This message was seen at the homescreen of my Facebook page this morning. I’ll be joining the Facebook Bill of Rights and Responsibilities group.

This message was seen at the homescreen of my Facebook page this morning. I’ll be joining the Facebook Bill of Rights and Responsibilities group.
Perez Hilton did the world of Facebook users a huge service yesterday by calling into attention something that a lot of us photographers were already aware of: Facebook’s horrible rights grabbing Terms of Service agreement.
What is that you say? Quite simply, its that legal agreement one needs to accept in order to be granted an account on the popular social networking site. Now, I’m no attorney and I don’t read the agreement on every piece of software I install, so maybe I have little to say on the matter, but that’s never stopped me before.
The main rub here is that Facebook claims to have ownership of all of the photographs you upload onto the site. That means your personal, family snapshots are theirs - to sell, license, modify etc. for perpetuity. Even if you shut down your site or pull the images down. Not cool.
Perez, who kinda interestingly enough has been sued for copyright infringement in the past, suggests boycotting Facebook. I wouldn’t go that far, I think Facebook is a really useful tool to keep up to date with your social networks (and to find interesting links and news online), but I do think it would be smart for people to make a big stink about this. Its worth noting that Hilton himself has not quit Facebook.
Now, Facebook will claim that they need to have terms like this in their agreement in order to cover themselves legally and operate as they do. Bull. Plenty of other sites have perfectly fair TOS agreements and Facebook is no different. Facebook needs to rewrite these terms and not just issue a simple PR statement.

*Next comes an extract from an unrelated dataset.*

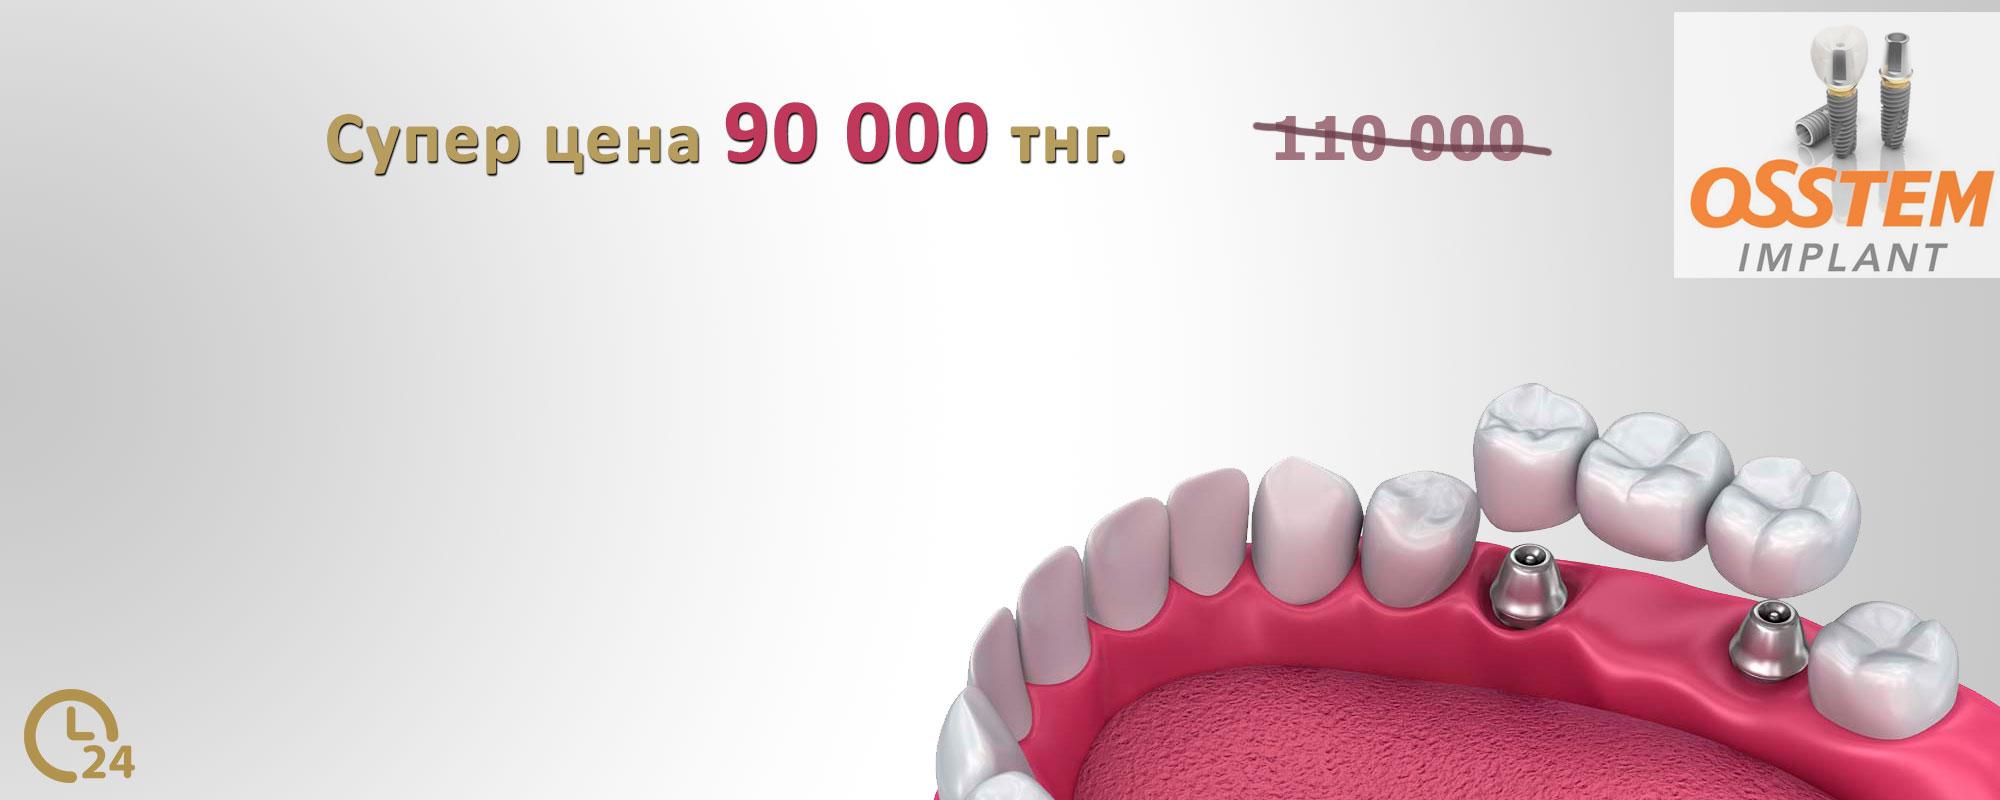 Установка имплантов системы «Osstem»

I won’t be pulling my photos off Facebook, but if see them licensing my photos I will be suing them anyway (for the record, I don’t think this is likely).
Admittedly it would be an uphill legal battle, but I don’t place much weight on those TOS agreements because I don’t have any choice but to accept their terms. In my business, contracts are a fair negotiation between two equal parties. Facebook’s agreement does not treat me with that same respect.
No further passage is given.